Some were even mechanical, like a diamond-encrusted flower whose petals opened and closed or a ruby brooch in the shape of a steadily pulsing heart. A fully articulated starfish made from rows of diamonds, rubies, emeralds, and a single central pearl would go limp when picked up and could then be arranged to cling to a wearer’s arm or hand—or even breast, like one former owner who wore it with an asymmetrical dress.

By this time, Dalí had been expelled from the Surrealist movement. In 1934, he’d been put on “trial” by André Breton, and by the end of the 1940s, his work was no longer included in Surrealist shows. He had instead begun to style himself as an artist in the tradition of the Renaissance masters. In the introduction of a 1959 catalogue of his jewels, Dalí wrote: “Paladin of a new Renaissance, I too refuse to be confined. My art encompasses physics, mathematics, architecture, nuclear science—the psycho-nuclear, the mystico-nuclear—and jewelry—not paint alone.”

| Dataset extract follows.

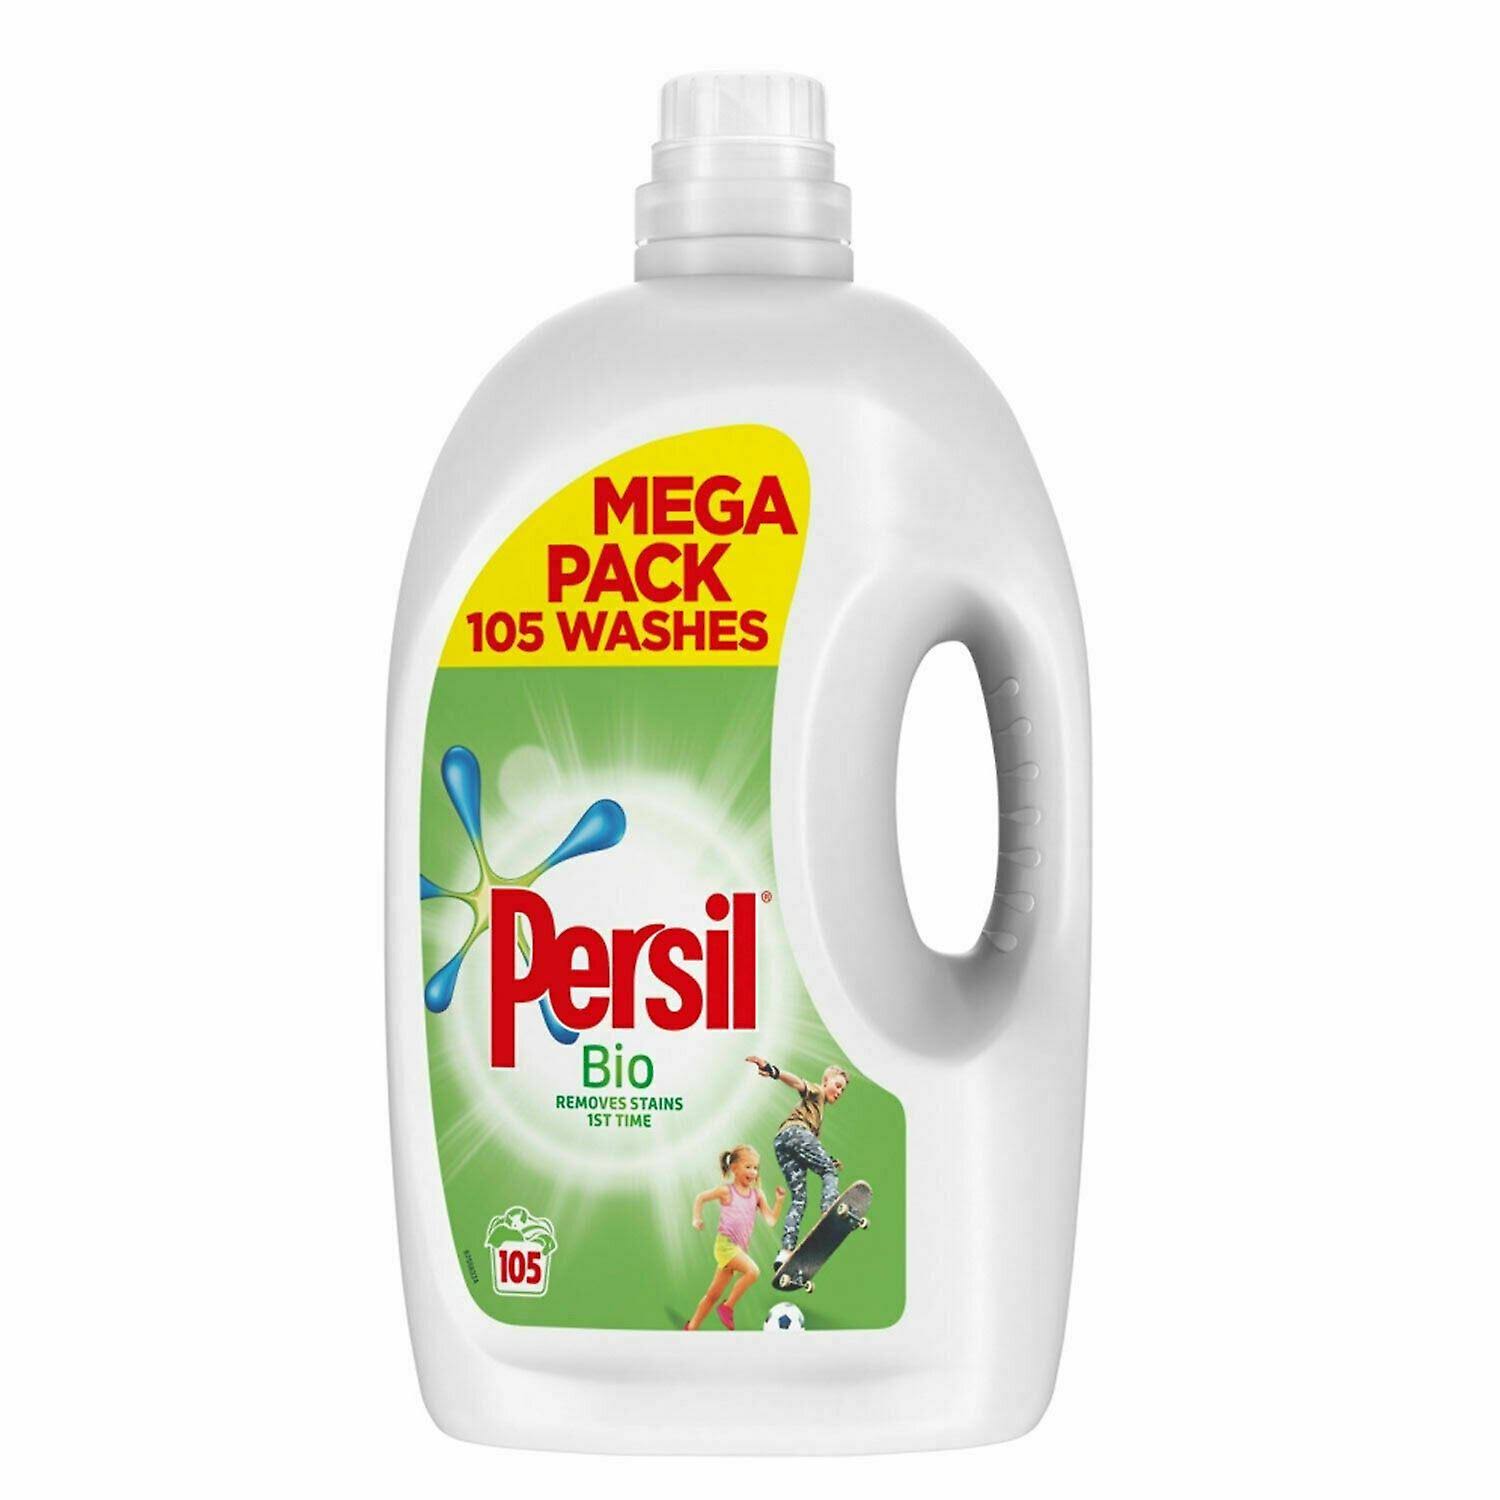 Persil Liquid 105 Washes: Bio

As Dalí expert Elliott H. King notes, during these decades “his work became more multifarious, encompassing sculpture, advertising, ballet designs. He was just doing things that were very different from what people expected artists to do.” Critics were not impressed by this range—rather, they viewed Dalí’s new ventures as merely commercial, a sign of his descent into excess and frivolity.

In fact, art historical scholarship ignored the second half of the artist’s life so thoroughly that, initially, King said he simply assumed Dalí had died in 1940. “All of the books in the ’80s and ’90s stopped then,” he explained with a laugh. “I had no idea he kept working for another 40 years.”

Medussa by Verdura and Salvador Dalí. Copyright David Behl. Courtesy of Verdura.

Salvador Dalí, Pomegranate Heart. © Salvador Dalí, Fundació Gala-Salvador Dalí, VEGAP, 2016. Courtesy of Fundació Gala-Salvador Dalí.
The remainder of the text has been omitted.